Найти тему
Олег Панков

Из отцовских воспоминаний (продолжение)

Б. П. Панков
Б. П. Панков

3

— Ну и обедец здесь... — вопросительно произнес я.

Он глубоко вздохнул и, посмотрев мне в глаза, сказал тихим, приглушенным голосом, который, казалось, прозвучал у него где-то в глубине впалой груди:

— Да, похлебку-то эту не каждая свинья жрать будет. Но люди не свиньи, а вон погляди, за минуту все умололи. — Он медленно развел по сторонам своими мозолистыми руками. — На таких харчах долго не протянешь. Тюрьма, конечно, не дом родной. Говорят, в лагерях нашего брата кормят лучше. Скорей бы на этап отправили.

Он внезапно замолчал и как-то неловко, исподлобья посмотрел на меня. Я слез с нар и, протиснувшись к нему поближе, поинтересовался:

— За что тебя посадили, отец? Ты ведь, по-моему, сельский?

Махоткин обвел камеру задумчивым взглядом, потом посмотрел на меня в упор:

— Я, братец ты мой, не убивец и не вор. Ежели я и собрал полмешка картох на колхозном поле, то после уборочной. Да разве меня можно было за это судить? Ведь я с войны вернулся, жрать нечего было, ну и решил, посоветовавшись со своей бабой, чтоб, значит, с голоду не сдохнуть ... и двинул в раздобычу на поле. Поймали на месте да и десятку влепили, не посмотрели, что всю войну прошел. До самого Берлина добрался. И трое детишек у меня, один одного меньше. Вот, брат, какие дела у нас в России-матушке творятся.

Он умолк, требуя взглядом сочувствия к себе.

— А ты за что угодил в теряху-то? — вдруг резко спросил он меня.

Помедлив, я ответил:

— Осужден по статье пятьдесят восьмой, пункт десять.

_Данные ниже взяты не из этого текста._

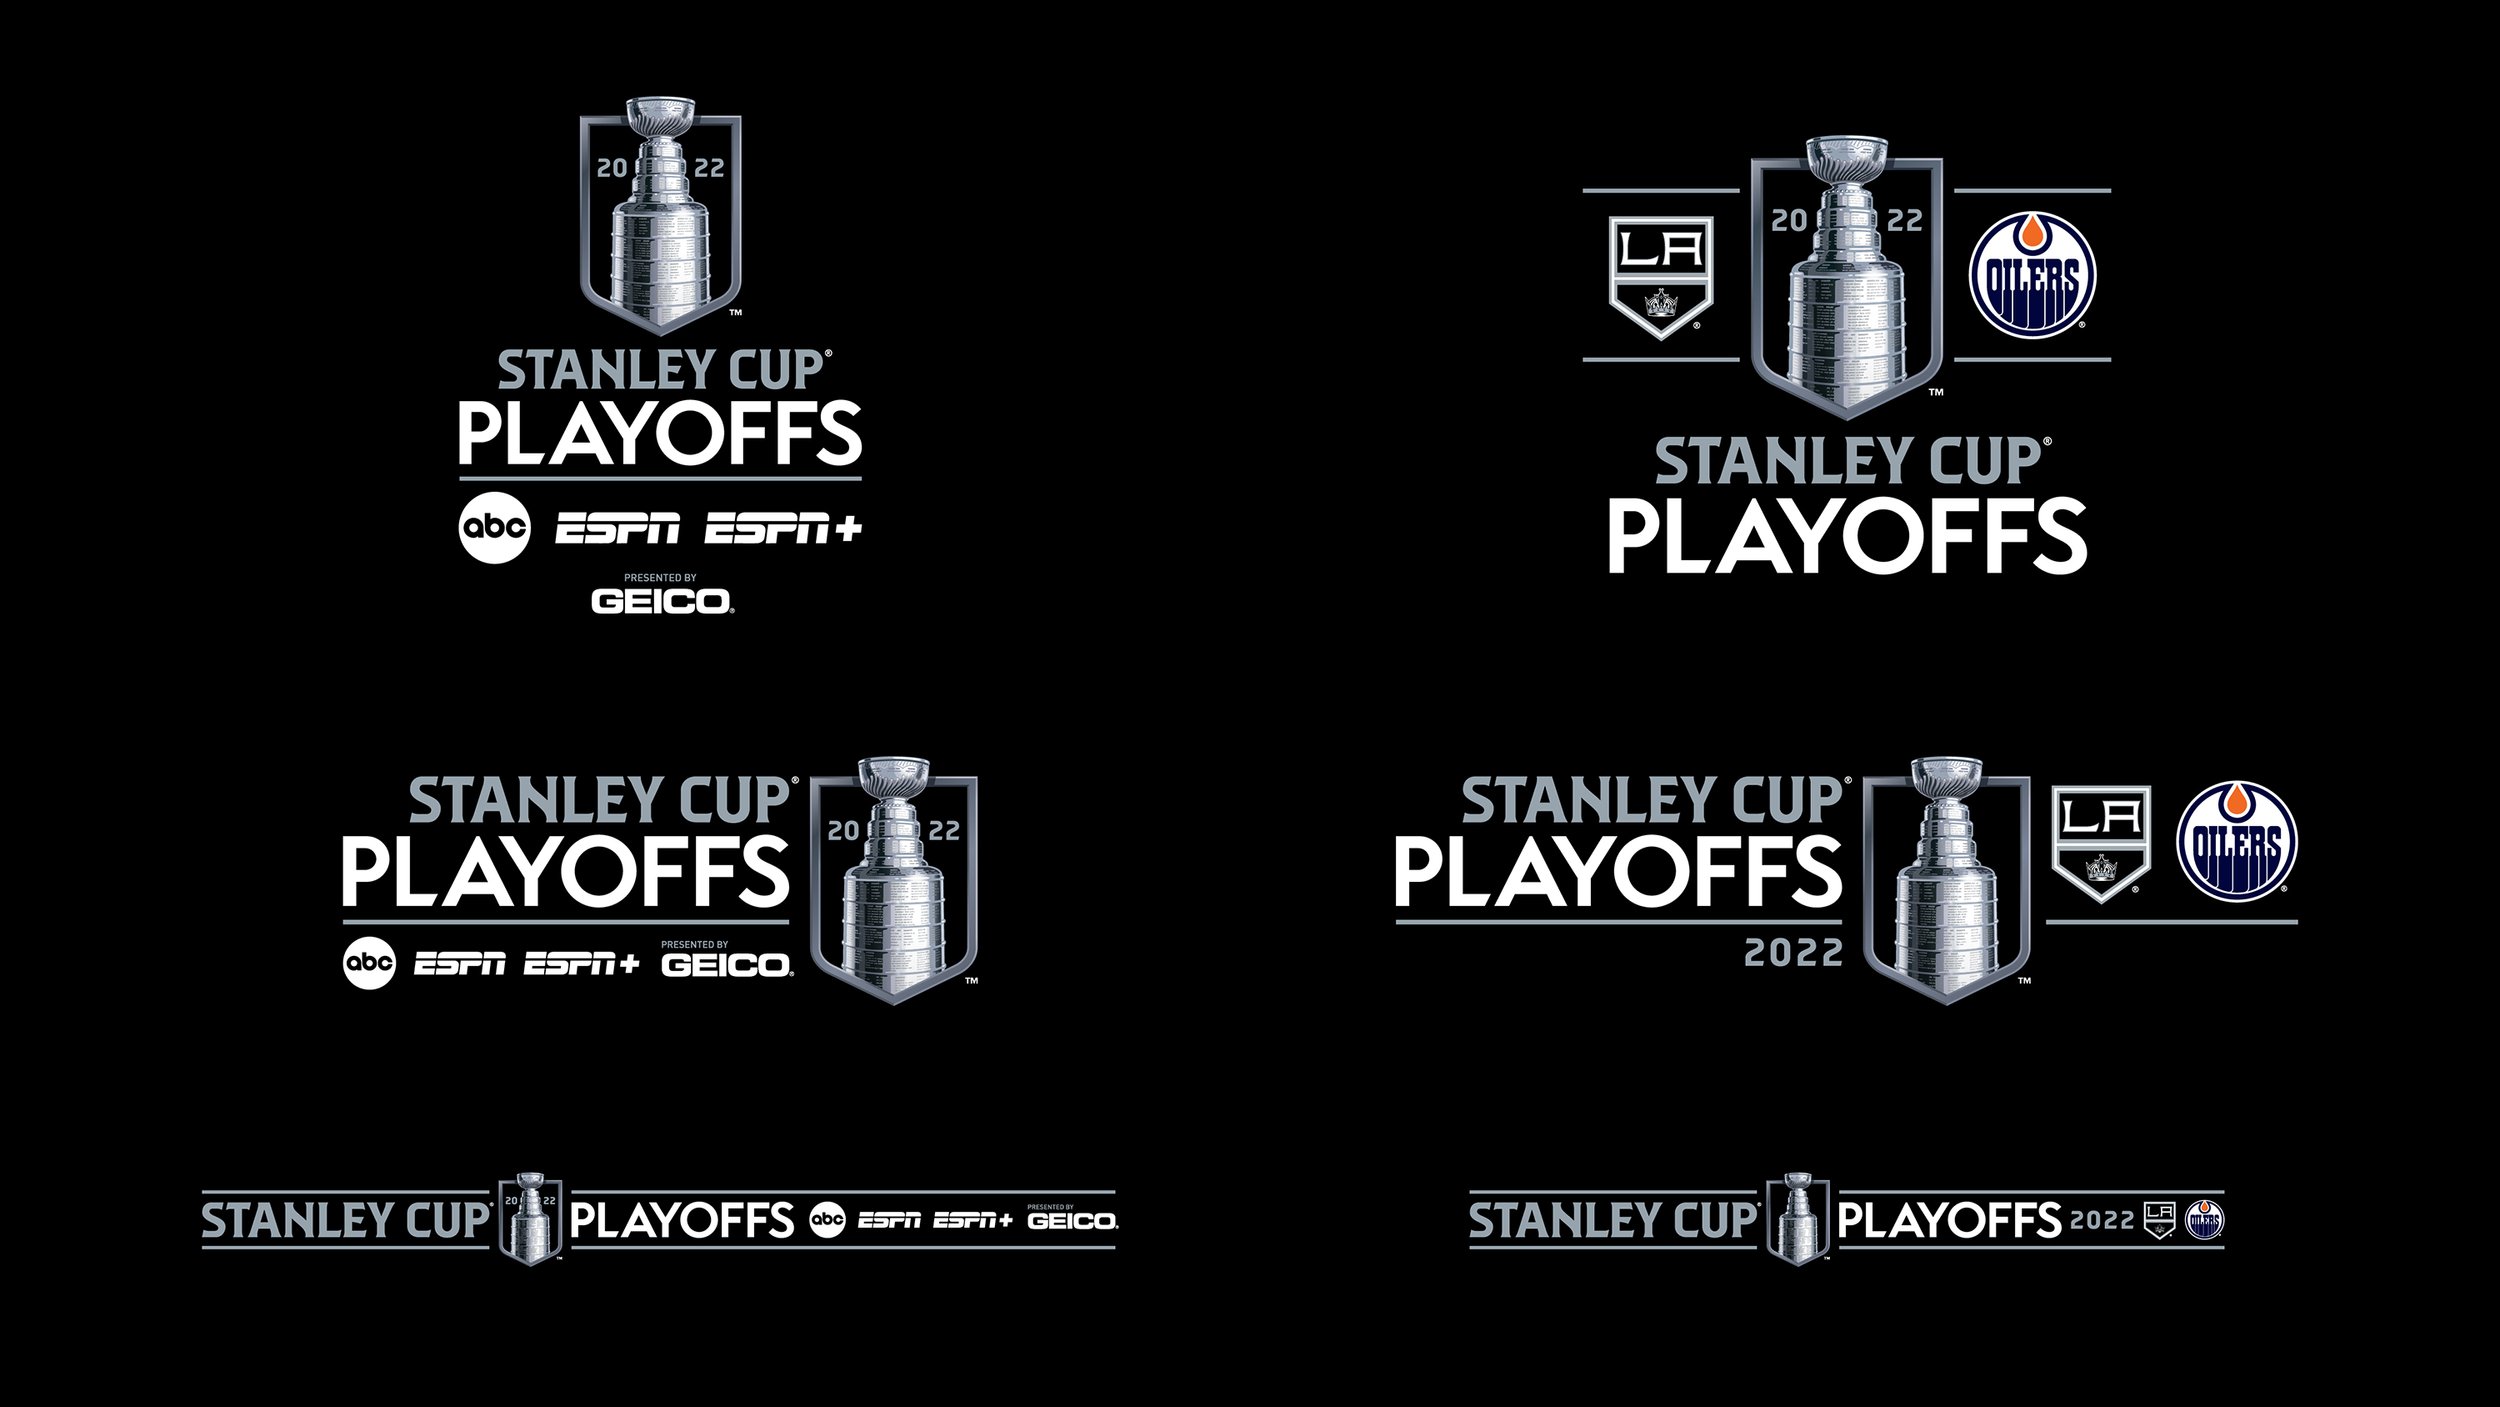 Stanley Cup Finals, Logopedia

— За политику?! — недоуменно спросил он и вдруг с разочарованием посмотрел на меня. Его губы дрогнули в невольной улыбке. — Наверно, у немца в холуях выслуживался? По твоей хвизиономии вижу. В камере таких, как ты, хватает. Вон на верхних нарах лежит Лунев, как баран развалился. При немцах в полицаях ходил. Одежонка на нем вся новая, сапоги чисто немецкие, офицерские. Рожа кирпича просит. Почти каждый день передачи ему носят. Жрет, как боров, да посмеивается. А я вот всю войну на фронте пробыл и голодный лежу под нарами. И все потому, что наглости у меня нет. Да и душа открытая, русская. Мы такие, мужики, безотказные, что прикажут, то и делаем. Послали нас ... пошли на войну. Посадили в тюрьму — мирно сидим, не гневаемся на власть, хотя она согнула нашего брата в дугу. Вот, мил человек, я весь тут перед тобой.

После первых его слов, сказанных в мой адрес, мне стало не по себе. Я с нетерпением ждал, когда он закончит говорить, чтобы объяснить ему, что я не тот, за кого он меня принимает. Как только он закончил, я сказал:

— Родину я не предавал, отец, и ничего общего с фашистами не имел.

После этих сказанных мной слов я почувствовал какое-то облегчение. Я очень не хотел, чтобы этот человек в чем-либо меня подозревал. Как ни странно, но почему-то, слушая его, у меня возникало такое чувство, будто это мой близкий родственник. Махоткин смотрел на меня теперь уже более добродушно и вопросительно молчал. По его взгляду я понял, что необходимо немного рассказать о себе.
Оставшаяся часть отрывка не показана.